Hi All, 

We have discovered a potential small editorial mistake in the wording of marking unprefixed octal-literals (e.g., 07 and 0042) obsolescent in the C2y draft following the WG14 N3353 proposal (Obsolete implicitly octal literals and add delimited escape sequences).

In paragraph 5 in section 6.4.5.2 of the C2y draft, it is stated:

An unprefixed octal literal begins with the digit 0 optionally followed by a sequence of the digits 0
through 7 only. Use of an unprefixed octal literal with digits other than 0 is an obsolescent feature.

While working on the wording for the deprecation of unprefixed literals in WG21 P0085 (Oo... adding a coherent character sequence to begin octal-literals), we noticed that it is unclear whether 000 is obsolescent.
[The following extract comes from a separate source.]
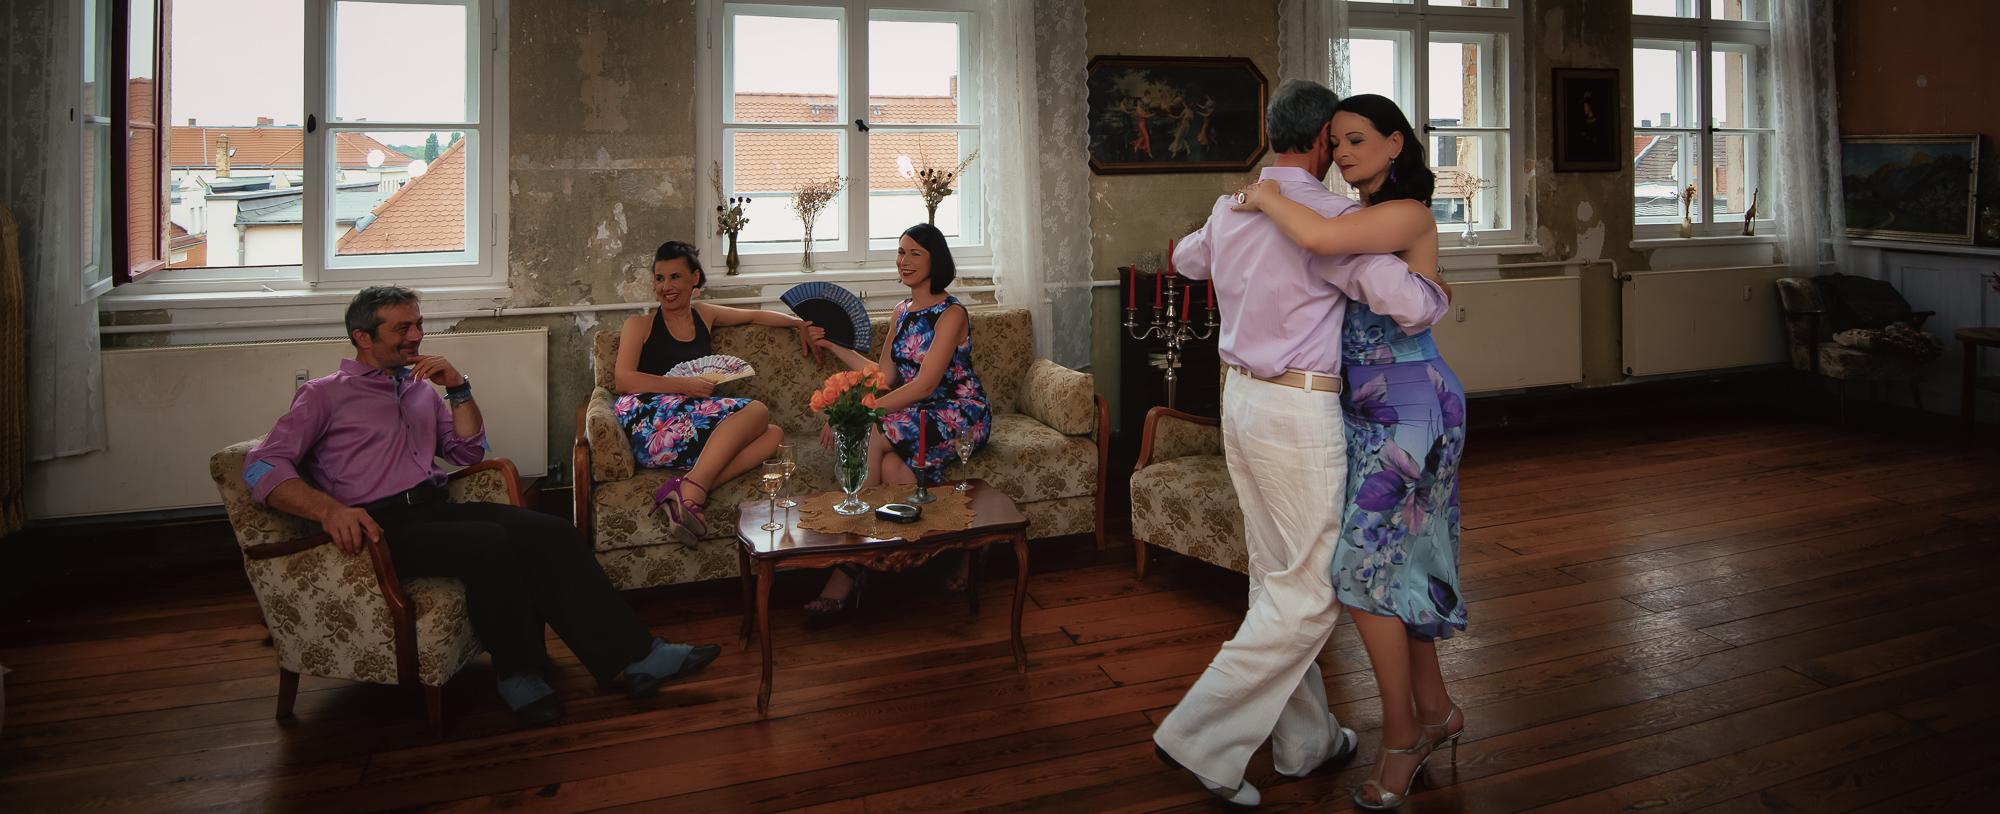 tangoklyder.de - handgefertige tangomode aus leipzig
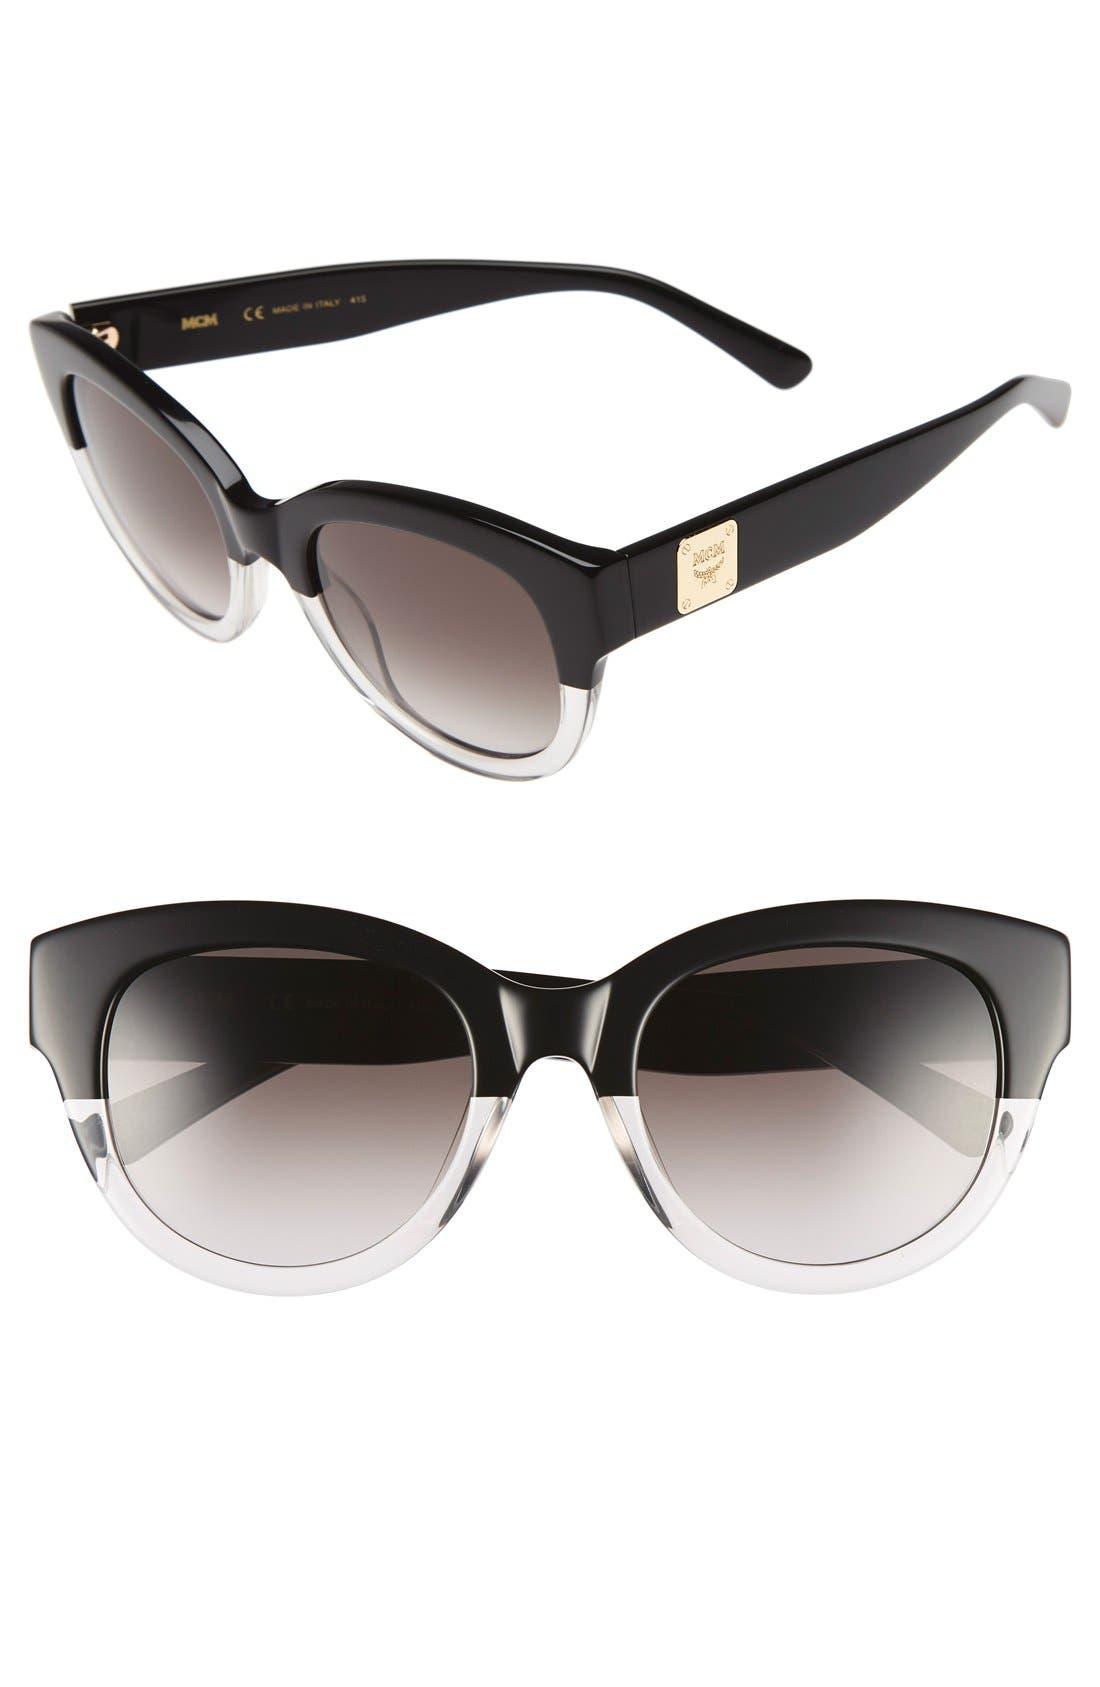 53mm Cat Eye Sunglasses,                         Main,                         color, 001

We reached out to some of the authors of the WG14 N3353 paper (Aaron Ballman and Corentin Jabot) and Aaron confirmed that their intent was to make obsolescent all octal literals starting with a 0 instead of 0o, except the literal 0. This means that the octal literal 000 is obsolescent, but 0 is not, as implemented by Aaron for Clang: https://www.godbolt.org/z/jEa4qnaMo

Aaron Ballman has pinged the WG14 reflectors to confirm that WG14 agrees with the authors' design intent.

In our WG21 P0085 paper, we agree with the declared design intent of the authors of N3353, deprecating also 000. It would be good if C and C++ could agree here, and the wording of C be clarified if WG14 believes that is needed.